Digital security professional and fashion designer Kate Rose realized she can trick the ALPRS simply by wearing clothes that feature patterns of fake license plates. ALPRS can be found pretty much everywhere in America and they are capable of capturing about a thousand license plates per minute, complete with GPS location, date and time.
These systems are used by the police to not only solve crime but also to track people who travel either to or from sensitive locations. They are pretty complex but, at the end of the day, they’re still machines who cannot yet tell if what they are looking at is real or not – patterns and textures can still confuse them so if it has the semblance of a license plate, it concludes it is a real one.
“When an ALPR looks out into the world, it looks for something in the range of the camera that is likely to be a rectangle or a combo of letters that says it’s a license plate,” Rose has said of the technology.
Rose developed and created license plate patterns on fabrics and designed them to look real enough to confuse a system like ALPR. She was inspired to create this type of clothing after a conversation she had with a friend who is employed at the Electronic Frontier Foundation.

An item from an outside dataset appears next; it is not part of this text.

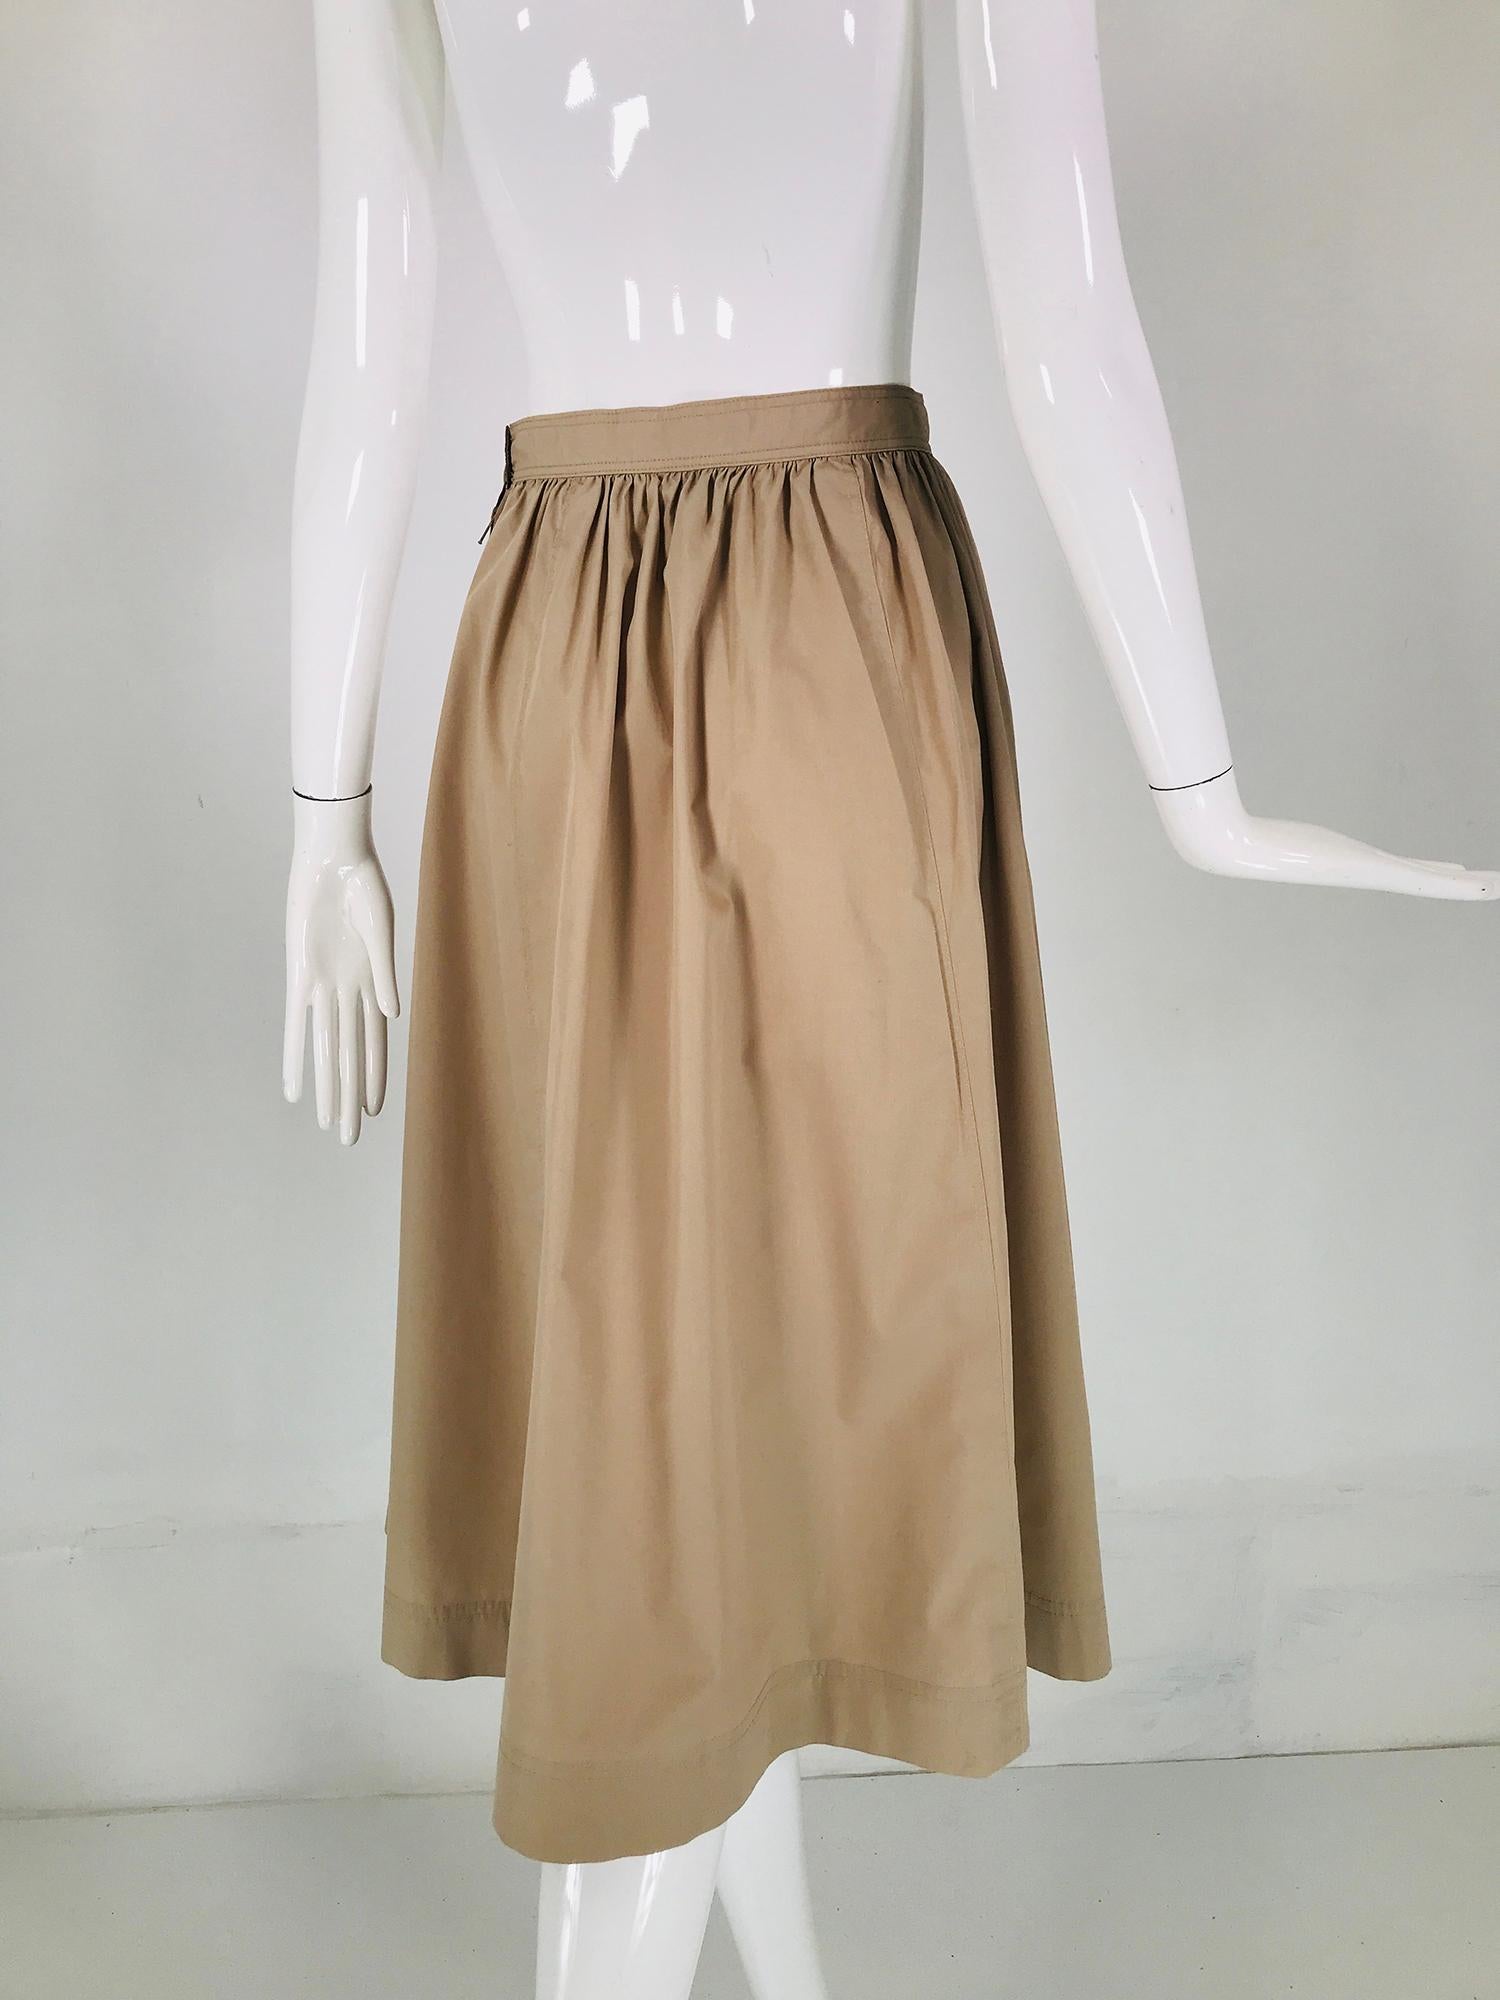 Brown Vintage Chanel Tan Poplin Gathered Skirt with Button Pockets

During the conversation they had, they discussed how a lot of plate readers on police cars are often innacurate, and why.
“By wearing these designs on the street, you help introduce junk data into a surveillance system that could in a large scale make it less useful, more expensive to use,” Rose said. “I think it’s important to experiment with ways to be non-compliant with surveillance systems in whatever way we can, and I like clothing as an accessible first step.”
Rose’s collection, which she called Adversarial Fashion, includes everything from hoodies to skirts, all of them featuring fake license plates as well as circuitry designs. She even wrote the Fourth Amendment in yellow letters across a number of license plates on the fabric of a skirt.
The clothes cost anywhere from $25 to $50, depending what type of garment you’re interested in. The website is not all about buying though: Rose also included some DIY resources to help others design their own anti-surveillance clothes.
“Hacking is fundamentally about democratizing and demystifying the systems and devices we all use, helping each other learn that we’re smart enough to take apart and tinker with them, and reapply them to what you personally think is a good idea,” Rose said of her project.